The sustainable pace should be maintained at all stages of development:
- Developing
- QA
- Delivery management.
Maintaining a sustainable pace is a sure way to stay on schedule for planned releases and iterations. It prevents the business from falling into a death march.
It is difficult to pinpoint the optimal pace for a development team, so it is much safer to have short periods of thirty minutes of intense activity followed by five-minute breaks. After every four periods of exertion and rest, the team should take a longer break of thirty minutes to recharge. Other factors to consider when implementing a sustainable work pace in a fast-paced work environment include observing meal breaks and ensuring that team members have the support they need to maintain their energy and focus. Toilet and meal breaks should be observed. These factors should be considered when implementing a sustainable work pace in an extreme programming environment.
Sustainable development
The company's core values should not be compromised. The company's reputation should dictate the consistent speed and productivity of iterations.
Sustainable quality
The final product of an iteration should incur little to no technical debt. An ideal process should not accumulate such liabilities with each product increment.
Sustainable delivery
Releases should meet and maintain the planned schedule for delivery to production and test environments. Stability and consistency are critical to maintaining appropriate frequency.
Sustained improvement
Course corrections, introspection, and feedback from reviews should be used to continuously improve development practices and processes.
What Is a Sustainable Pace in Scrum?
Agile processes promote sustainable development. Sponsors, developers, and users should be able to maintain a steady pace indefinitely.
The Scrum Guide doesn't mention sustainable pace. But it does put the power to decide what will be done in the next sprint firmly in the hands of the development team.
Scrum says quality goals shouldn't change during a sprint. And you'll see later how quality suffers from speed. So, working at a sustainable pace is implicit in Scrum and under the development team's control.
Product Owner
- Don't make commitments to the business that don't originate with the development team.
- Don't expect the development team to make commitments for longer than the upcoming sprint.
- All priorities are set by the product owner... respect that.

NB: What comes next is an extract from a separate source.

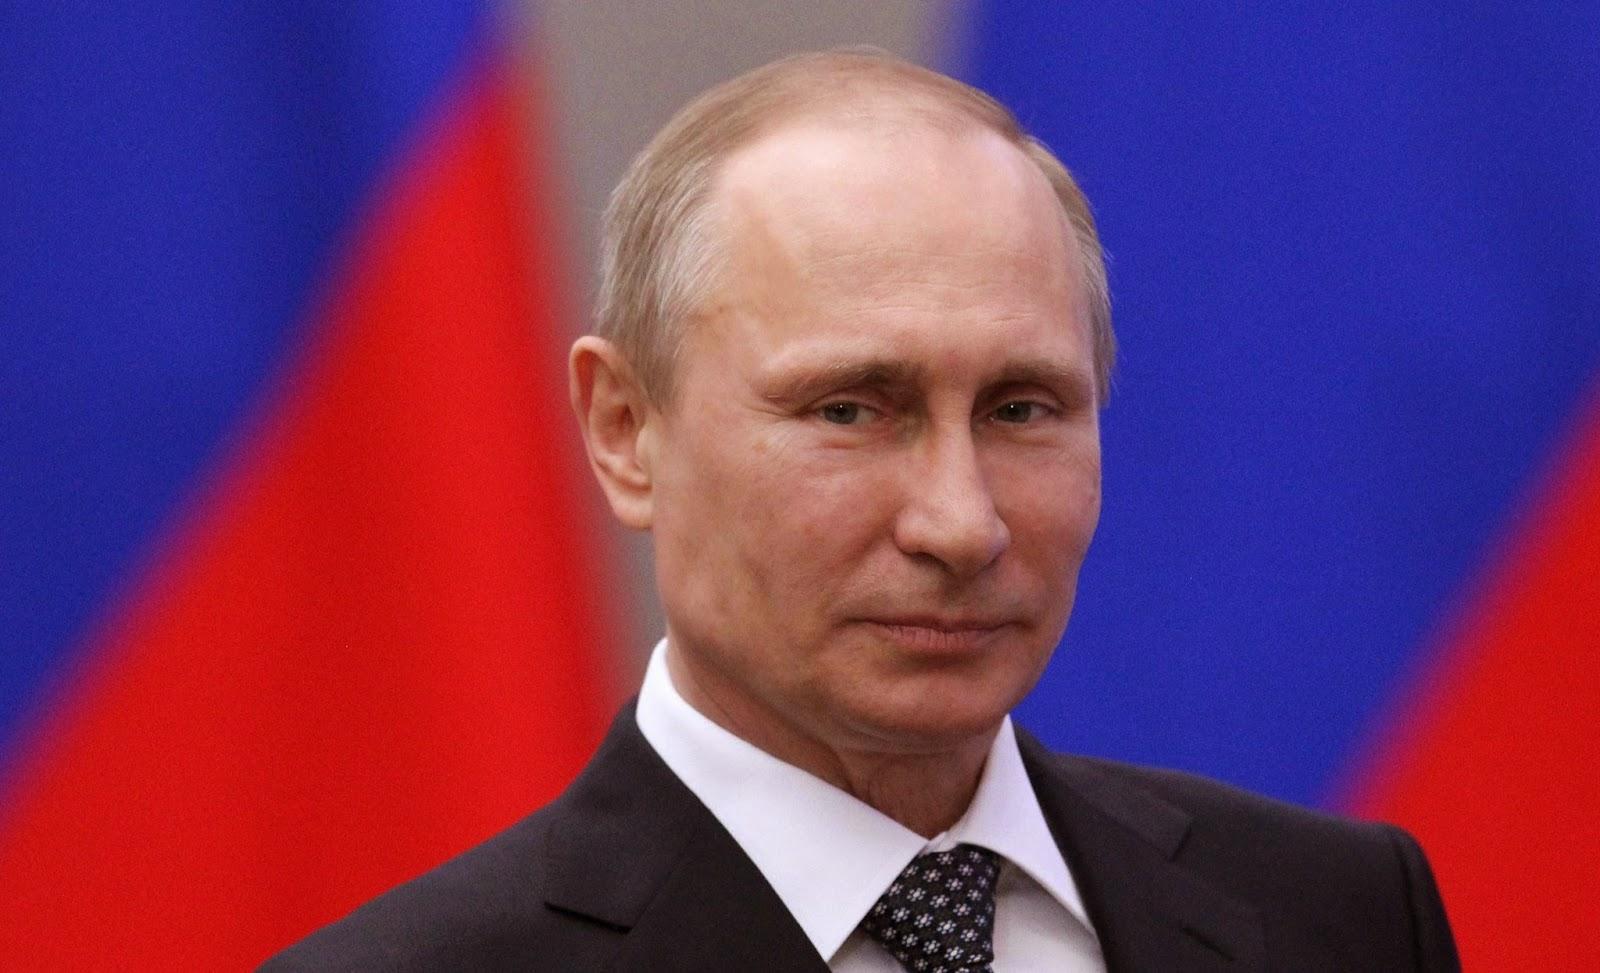 Putin Kanser Mi? PUTİN KANSERE Mİ YAKALANDI?

- Remember the cone of uncertainty when developing your product roadmap.
Development Team
- Beware of estimating what you can get done in a sprint by making initial estimates based on velocity, rather than taking the time to break down stories into actionable work (this is why sprint planning has the longest timeframe of any meeting event)
- If you include too many backlog items in the sprint backlog, you jeopardize time for creative solutions, cross-training skills between team members, and worst of all, the temptation to accept lower quality for the product increment.
- Remember that if you underestimate, you can always work with the Product Owner to bring in the next higher priority later in the Sprint, assuming that all of the original Sprint Backlog items met the definition of "done" and could be released to production.
Scrum Master
- If you see the team feeling overwhelmed, ask them about it in the retrospective. Make sure there's no external pressure on the team.
- Habitual or frequent overtime indicates a problem that you should investigate and remove as a barrier to the health of the team.
Conclusion
There are numerous studies that confirm that a sustainable work pace is the most productive way to work.
So slow down your pace, focus on the tasks that bring the most value, and get them done. Your productivity will skyrocket.